Figure 1 shows the effect of normalization on the relative enrichment between pairs of samples. We see that log-ratio of normalization factors passes through the centre of the cloud of background regions in each plot, indicating that the bias has been successfully identified and removed.

bin.ab <- scaledAverage(bins)
adjc <- calculateCPM(bins, use.norm.factors=FALSE)

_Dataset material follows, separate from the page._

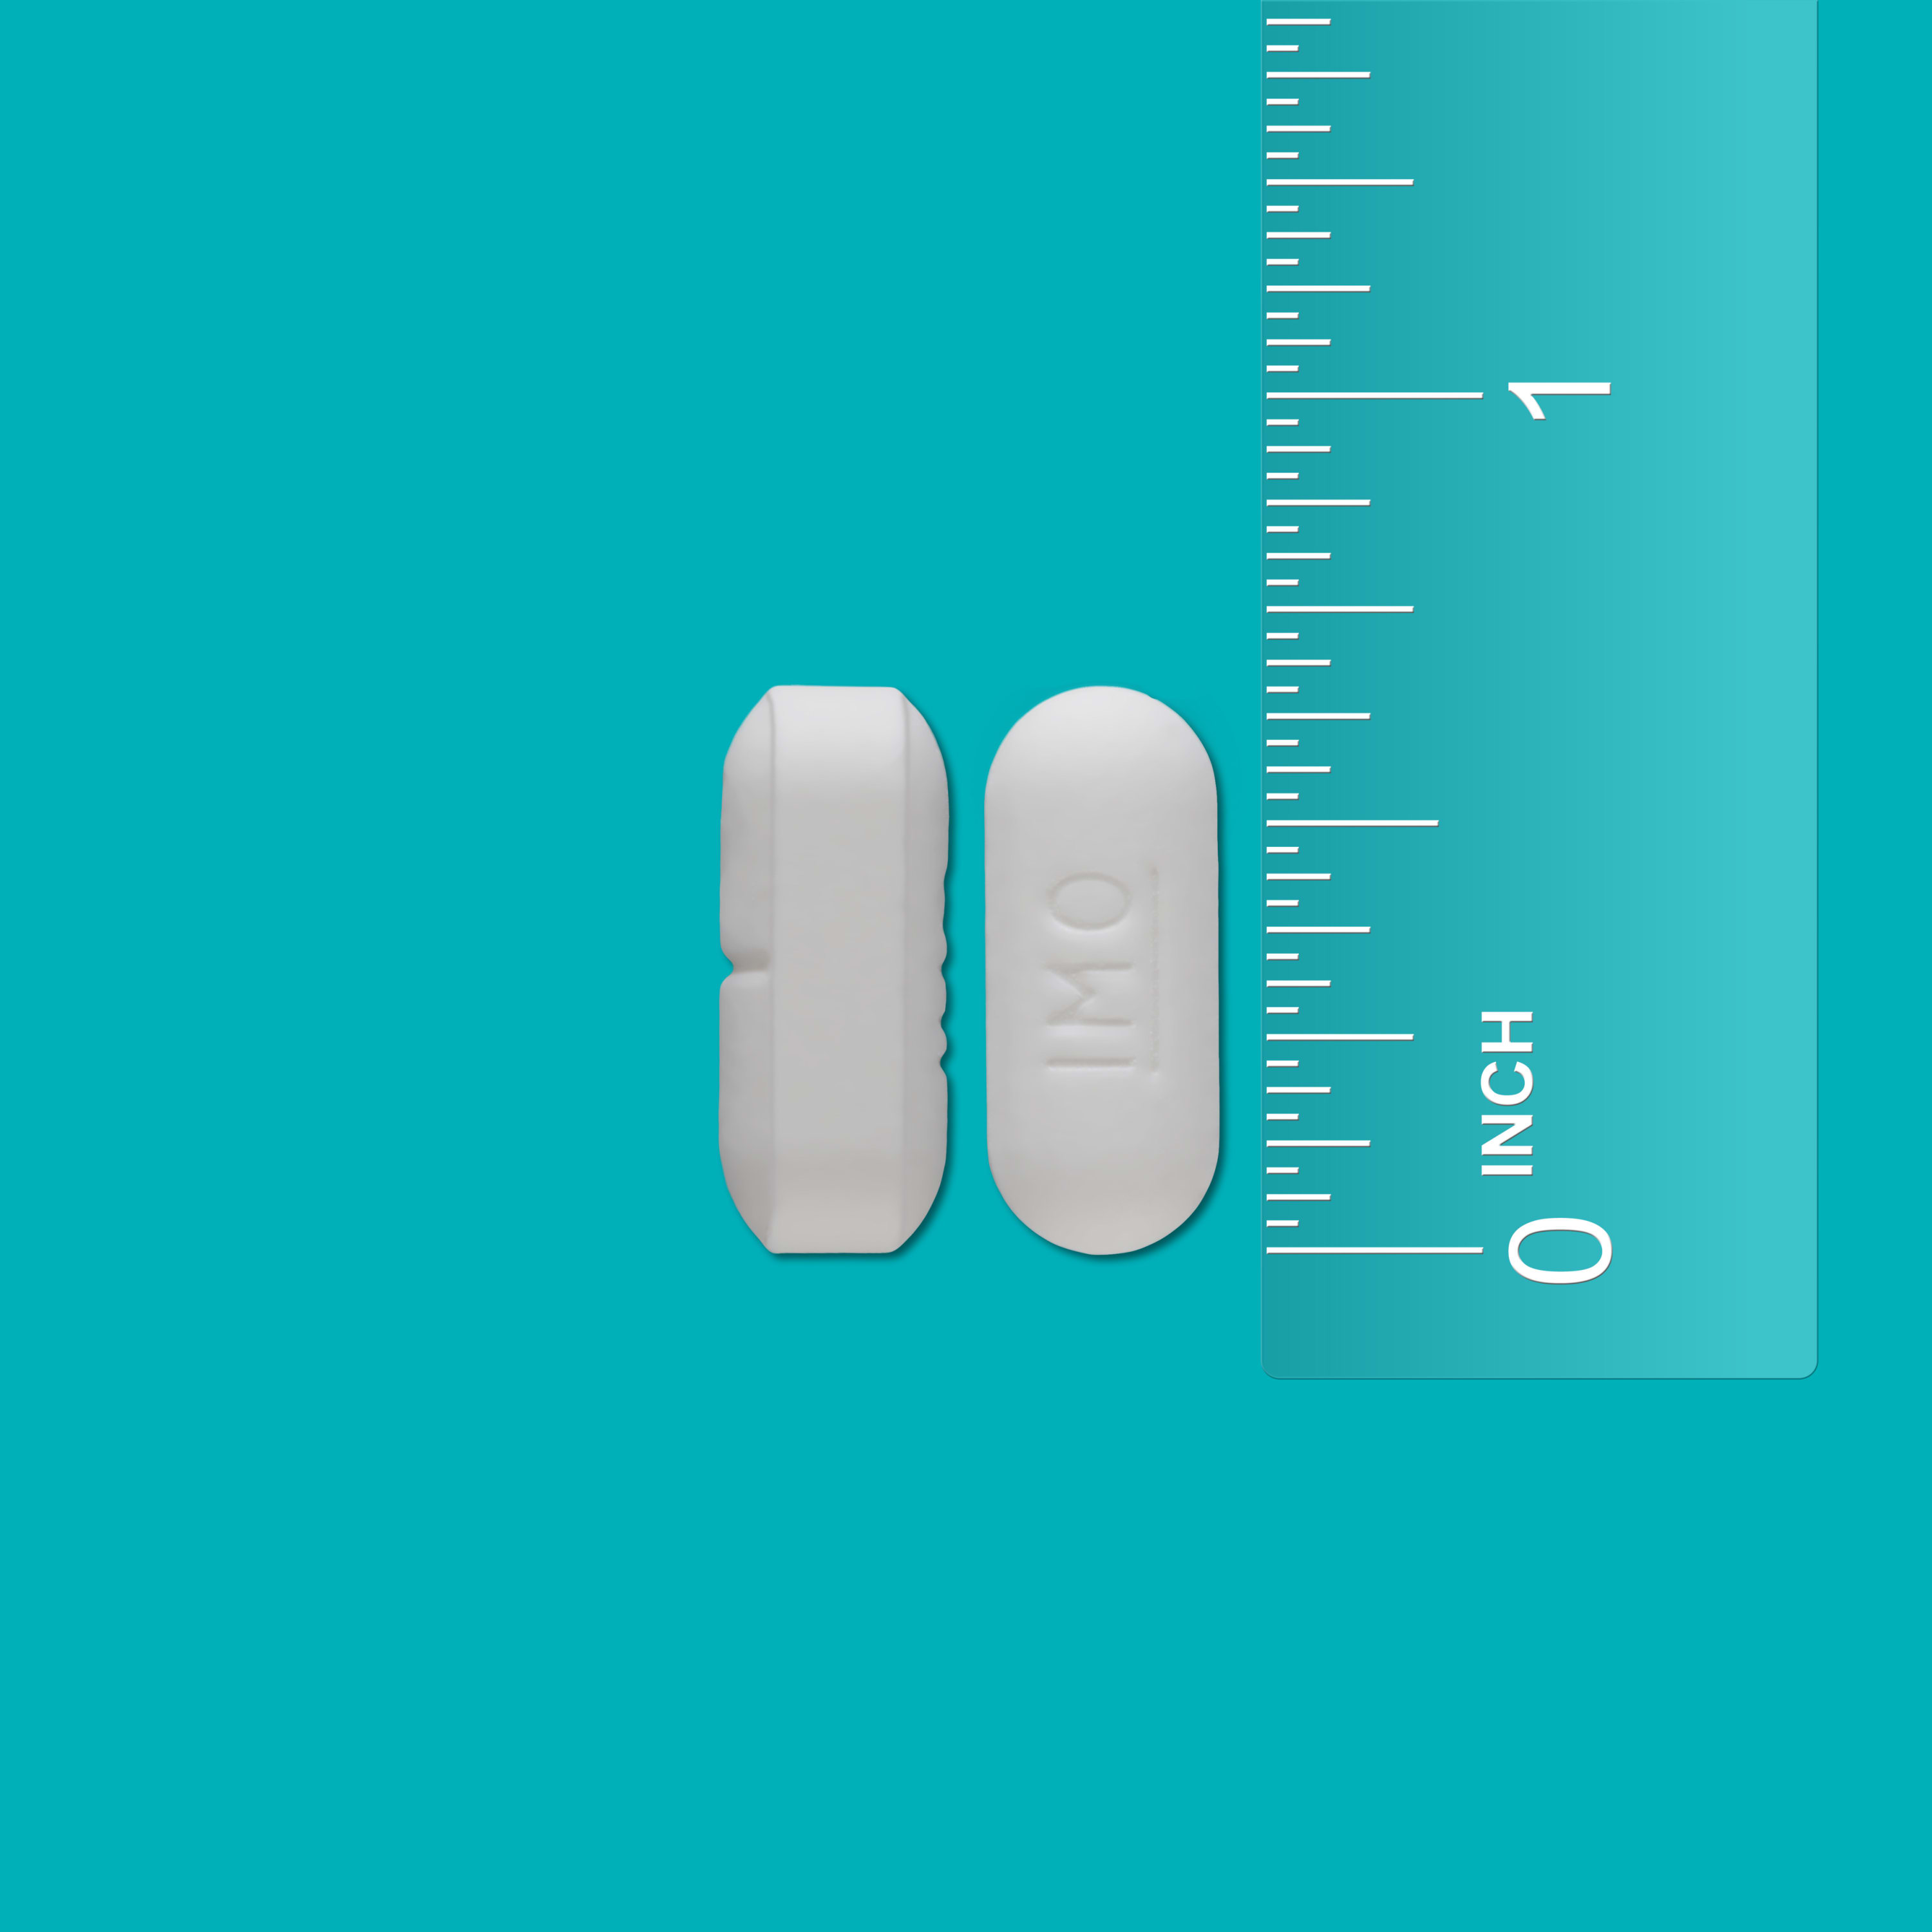 Imodium Multi-Symptom Relief Anti-Diarrheal Medicine Caplets, 12 ct. - image 9 of 13

par(cex.lab=1.5, mfrow=c(1,3))
smoothScatter(bin.ab, adjc[,1]-adjc[,2], ylim=c(-6, 6),
    xlab="Average abundance", ylab="Log-ratio (1 vs 2)")
abline(h=log2(normfacs[1]/normfacs[4]), col="red")

smoothScatter(bin.ab, adjc[,1]-adjc[,3], ylim=c(-6, 6),
    xlab="Average abundance", ylab="Log-ratio (1 vs 3)")
abline(h=log2(normfacs[2]/normfacs[4]), col="red")

smoothScatter(bin.ab, adjc[,1]-adjc[,4], ylim=c(-6, 6),
    xlab="Average abundance", ylab="Log-ratio (1 vs 4)")
abline(h=log2(normfacs[3]/normfacs[4]), col="red")
Mean-difference plots for the bin counts, comparing sample 1 to all other samples. The red line represents the log-ratio of the normalization factors between samples.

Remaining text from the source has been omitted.